Description: Lemma 1 for srhmsubc . (Contributed by AV, 19-Feb-2020)

Ref Expression
Hypotheses srhmsubc.s 
|- A. r e. S r e. Ring
srhmsubc.c 
|- C = ( U i^i S )
Assertion srhmsubclem1 
|- ( X e. C -> X e. ( U i^i Ring ) )

Proof

Step Hyp Ref Expression
1 srhmsubc.s 
 |-  A. r e. S r e. Ring
2 srhmsubc.c 
 |-  C = ( U i^i S )
3 eleq1 
 |-  ( r = X -> ( r e. Ring <-> X e. Ring ) )
4 3 1 vtoclri 
 |-  ( X e. S -> X e. Ring )
5 4 anim2i 
 |-  ( ( X e. U /\ X e. S ) -> ( X e.

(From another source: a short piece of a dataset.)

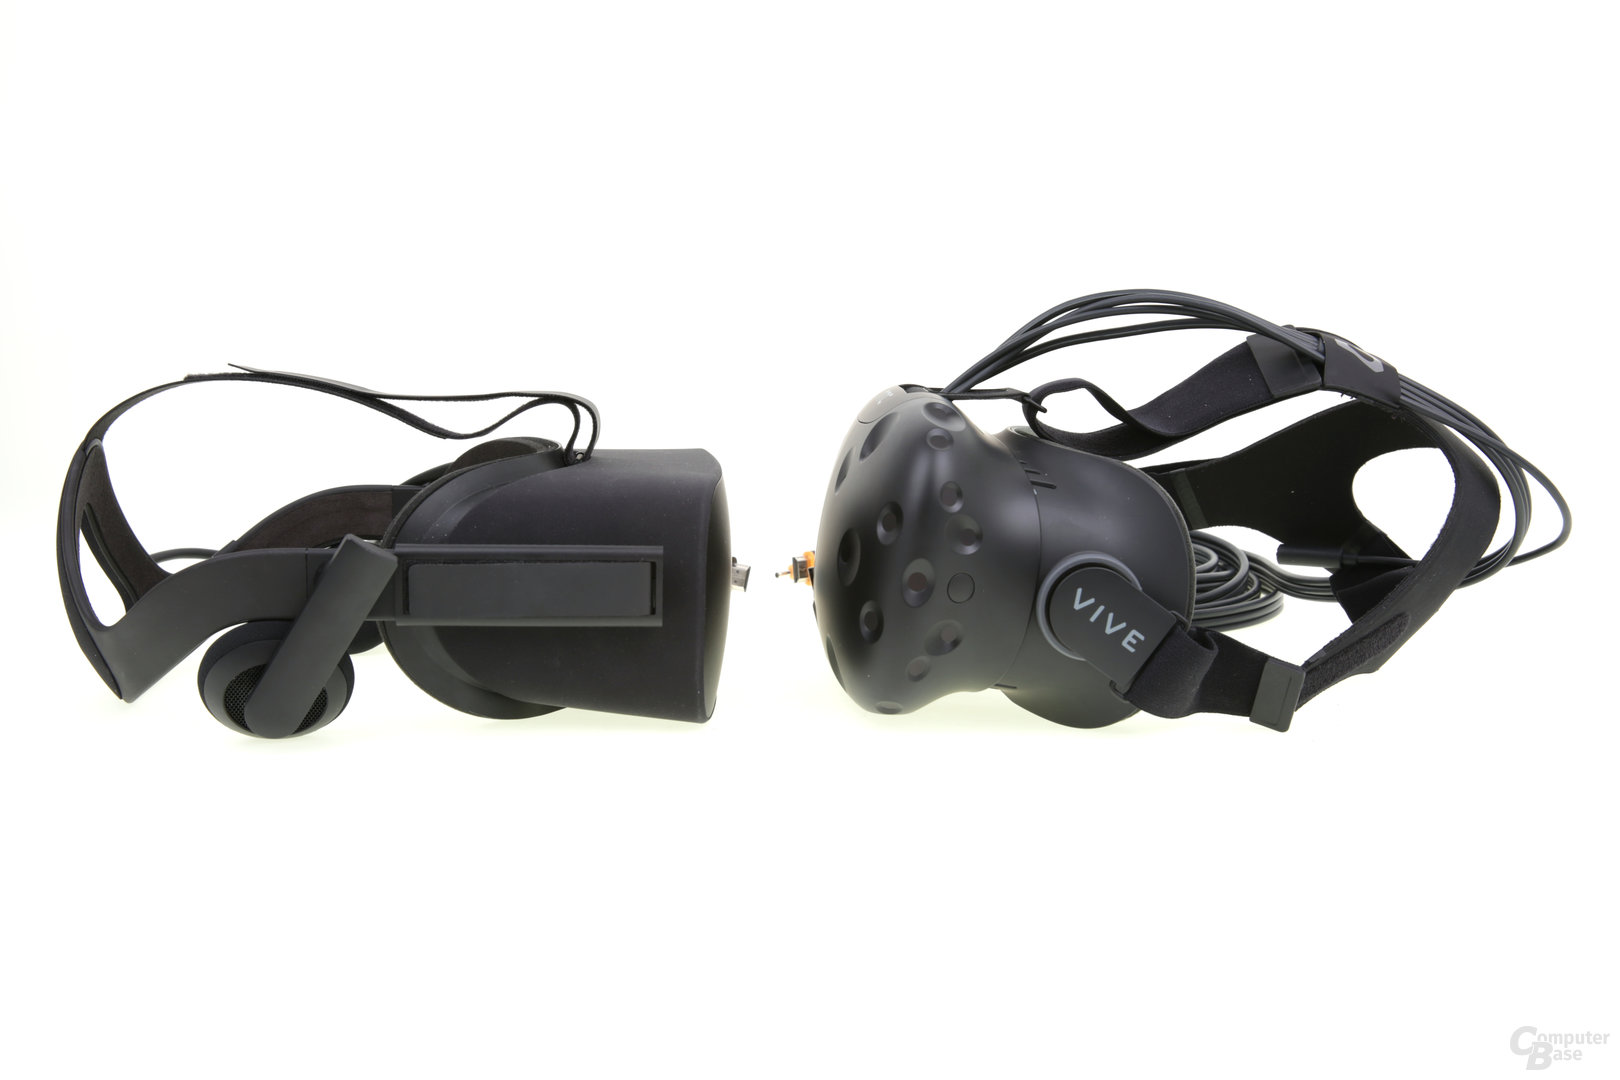 Oculus Rift (CV1) und HTC Vive (final)

U /\ X e. Ring ) )
6 2 elin2 
 |-  ( X e. C <-> ( X e. U /\ X e. S ) )
7 elin 
 |-  ( X e. ( U i^i Ring ) <-> ( X e. U /\ X e. Ring ) )
8 5 6 7 3imtr4i 
 |-  ( X e. C -> X e. ( U i^i Ring ) )